クソガキと僕

「なんだおめぇは!」

 クラスの男子の一人が大きな声でそう言ったのだが、ゴッという音の直後に、黙りこんだ。

 僕は音の鳴ったほうへと視線を向けた。するとそこには、身長百六十センチくらいの、酷くやせ細った男児が、血の滴る特殊警棒を片手に、目を見開いて、立っていた。

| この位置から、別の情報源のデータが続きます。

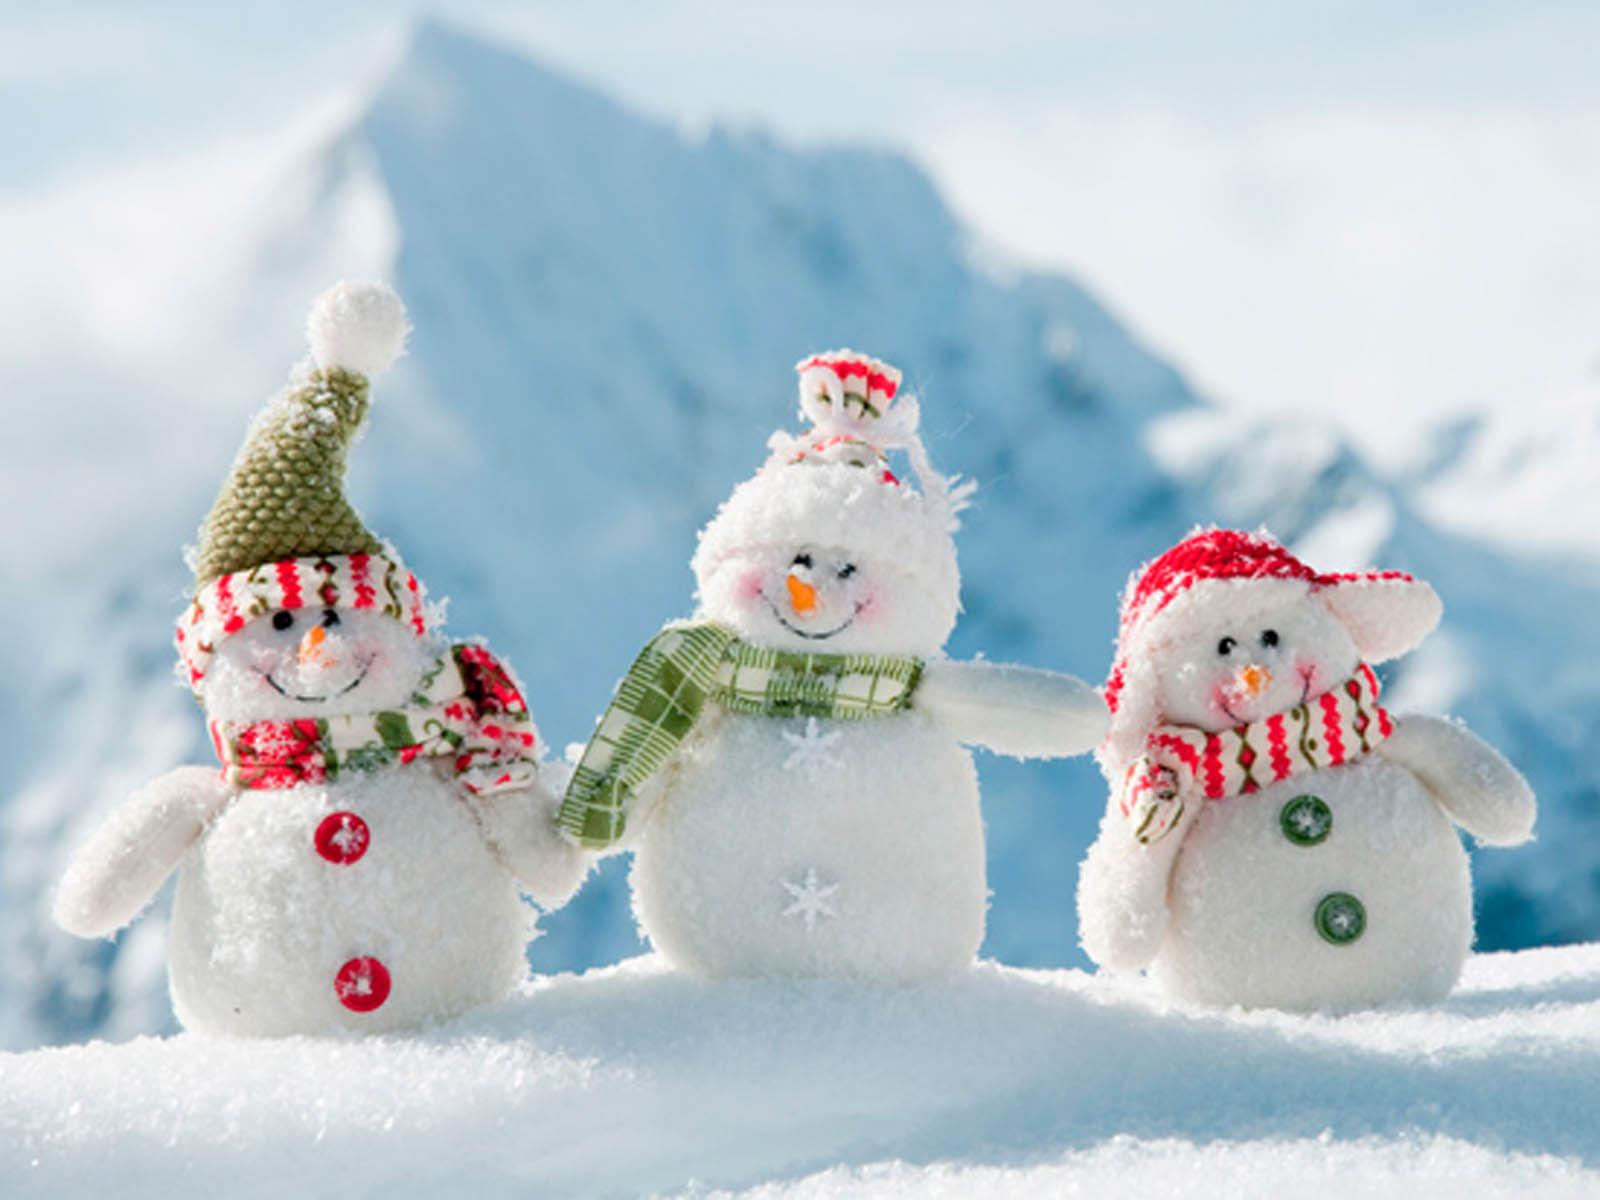 Snowman desktop backgrounds Desktop Backgrounds 2019 1600x1200

 その男児は、僕が通っている中学の制服を着用している。ブカブカの制服を見る限り、まだ一年生のように思えるのだが、異様な雰囲気、異様な迫力を携えて、地面に転がる同級生の頭を踏みつけているその様は、怒りに狂った奇人のように、見える。

「なんっ……なっ……」

「てめぇら、誰に手ぇ上げたか、わかってんのか……」

「ひぃえっ!」

 一人残ったクラスメイトが、その異様な男児の目を見て、走って逃げ出した。

 確かにこの目を見たら、逃げ出したくなる。この目は、人を殺せる目のように思えて、仕方ない。

 しかし、彼の持つ鋭い瞳には、見覚えがあった。

「……セイヤ……なの?」

 僕がそう呟くと、男児は僕の目をチラリと見つめ、気まずそうな表情を作り、ペコリと頭を下げ「……お久しぶり、です」と、呟いた。

「……あとの事は俺に任せて、エイコさんは帰って下さい」

 セイヤはそう言いながら、地面に寝転がりながら痛がっている僕の同級生の髪の毛を掴み、立ち上がらせた。

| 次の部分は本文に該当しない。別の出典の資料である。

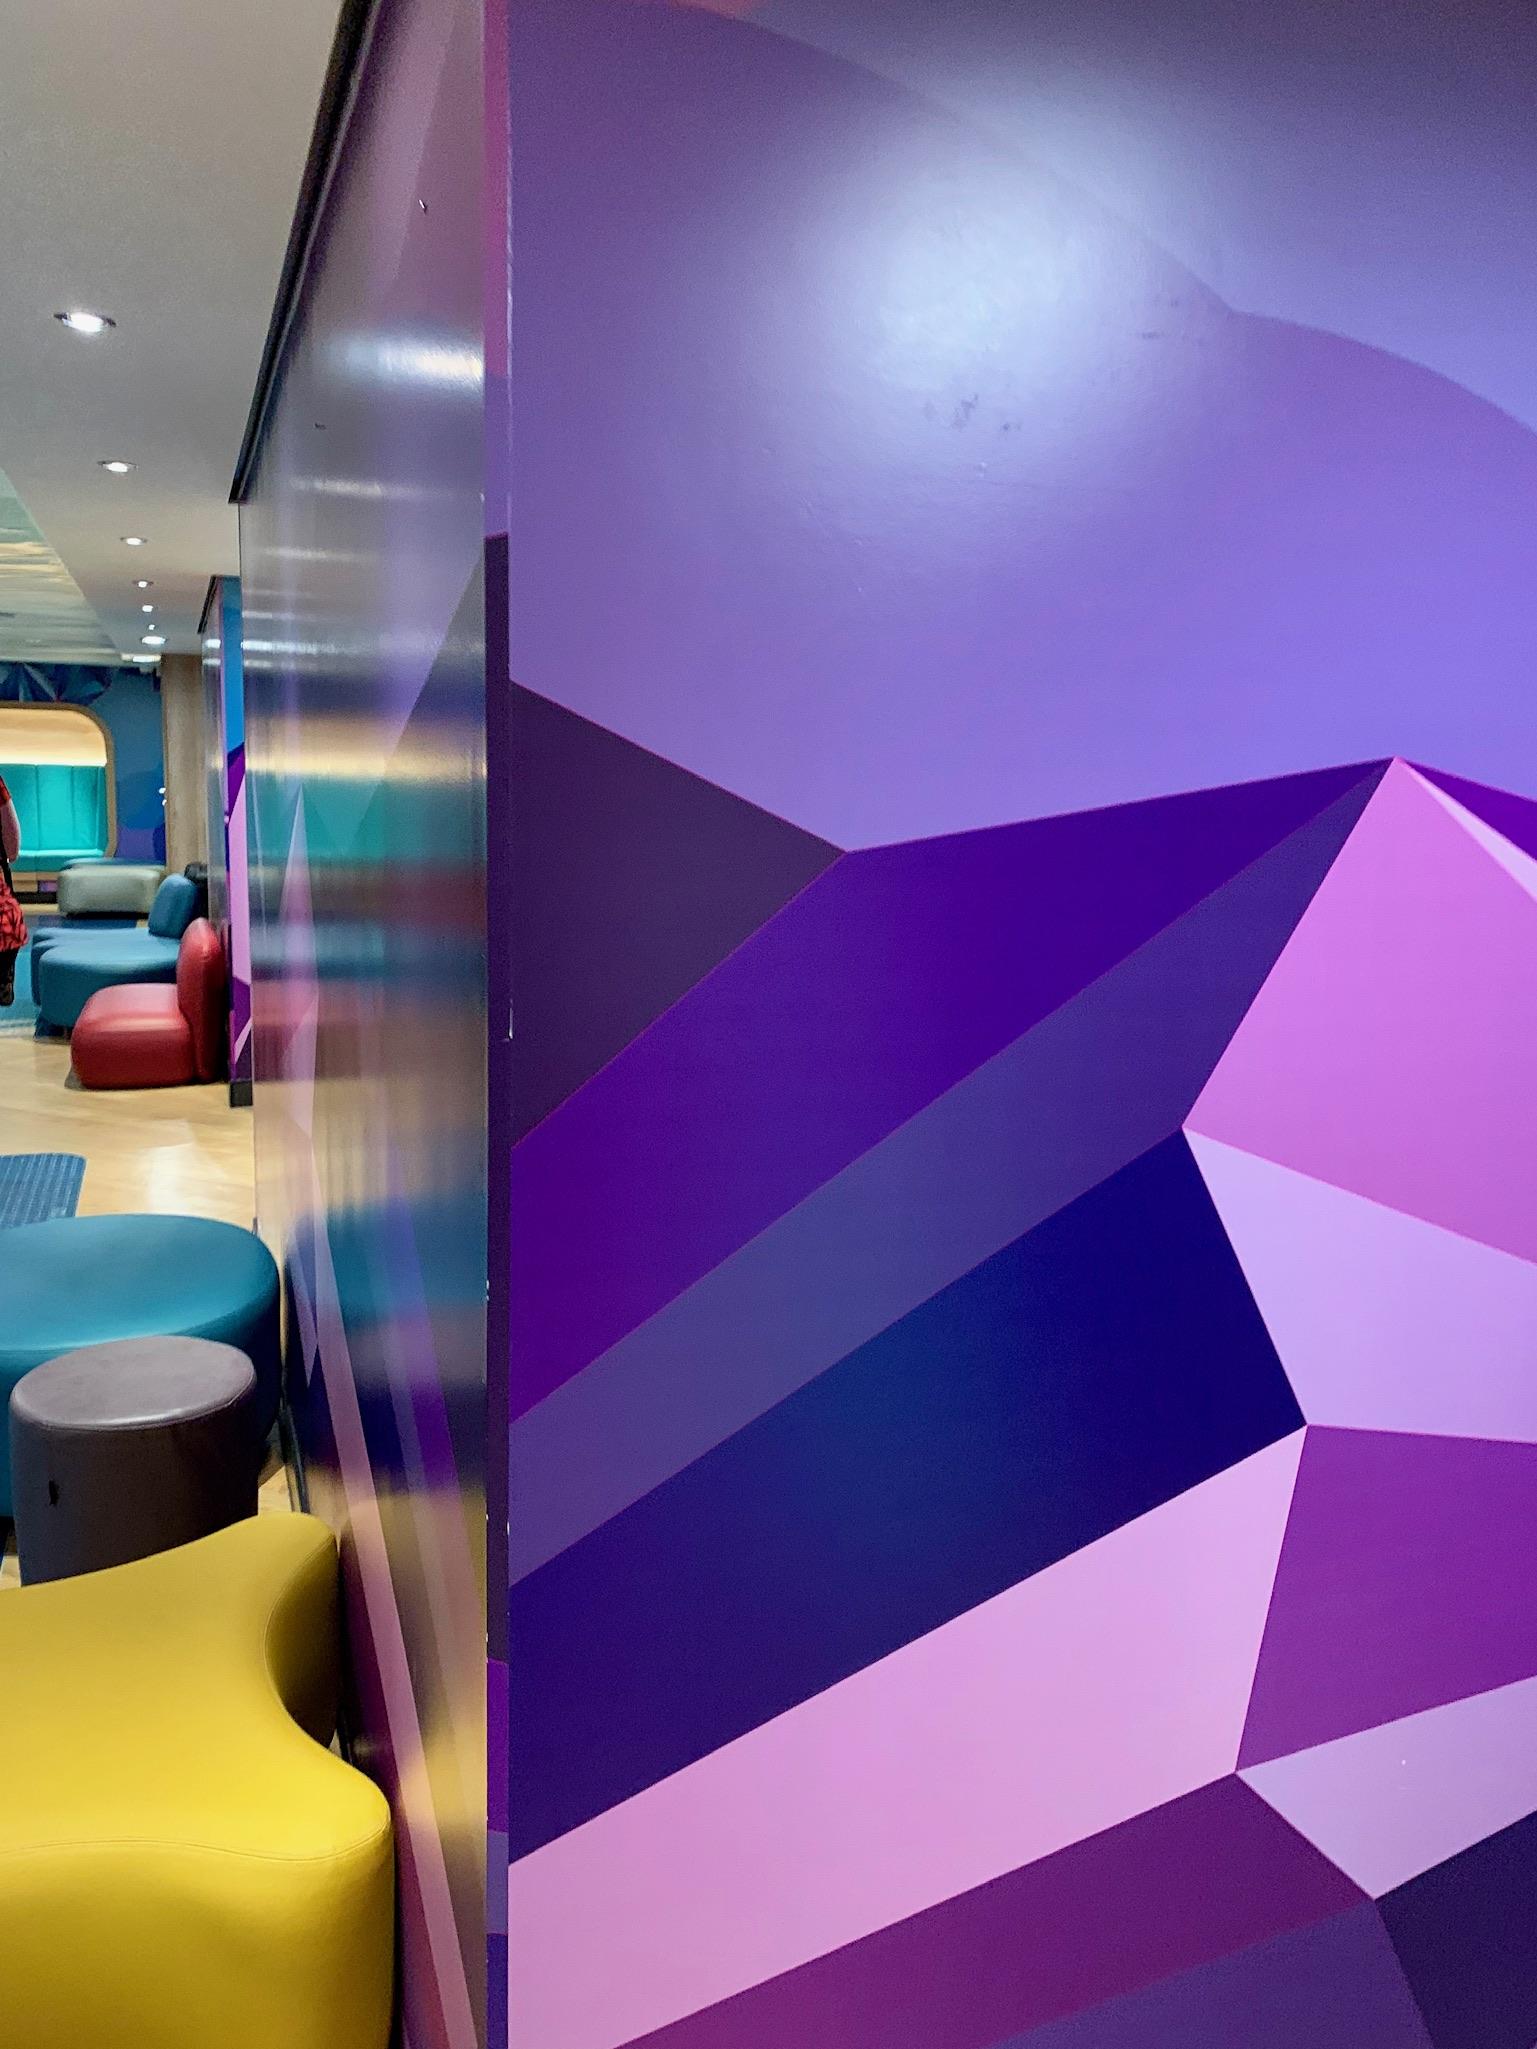 NCL Joy - Amenities - Splash Club bright colors.jpg

 そして、自分の顔を相手の顔に限りなく近づけて「次エイコさんに手ぇあげたら、殺すからな」と言い、顔面を思い切り殴りつけ、地面に倒した。

「消えろ。さっさと」

 その声を受けて、同級生達はゆっくりと起き上がり、ギロリとセイヤの顔を睨んだ後、ゆっくりとこの場を離れていった。

 その様を、僕とセイヤは見つめ続けていた。


 セイヤとは藤井聖夜の事で、小六の僕のストーカーをしていた、男児である。

 この男のせいで、僕の人生は狂ってしまった……とまでは言えないが、僕の人生に悪い影響を与えた事は、間違いない。

 セイヤは小学生の頃、様々な悪事を行っていたため、家庭裁判所からフリースクールという場所に送られる処分を受けてはいたが、どうやら帰ってきたようだ。

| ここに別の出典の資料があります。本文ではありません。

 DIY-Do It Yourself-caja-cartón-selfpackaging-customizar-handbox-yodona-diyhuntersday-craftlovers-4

 そしてどういう訳か、今度は僕を傷つけたりせず、むしろ僕を、守ってくれた。

 一体、なんだと言うのだ。訳が分からない。

「セイヤ……君?」

 僕は僕に背中を向けたまま動かない、セイヤに向かって声をかけた。

 するとセイヤは僕の声に反応するように、ピクリと体を動かした。

「……帰って、来たんだ……君とは、色々、あったけど……なんだろ、とにかく、助かった……」

「……いや……こんなもんじゃ、償えてるとは、思ってないから」

 セイヤはそう言い、遠くに見える自身のカバンに向かって歩き始めた。僕はつい、その後ろを付いて歩く。

「……ありがとうね、セイヤ……君。だけどあんな事すると、また施設に」

「いいんですよ、別に、そんな事は、どうでも……施設も悪い所じゃない」

 糞ガキそのものだったセイヤが、変わっていた。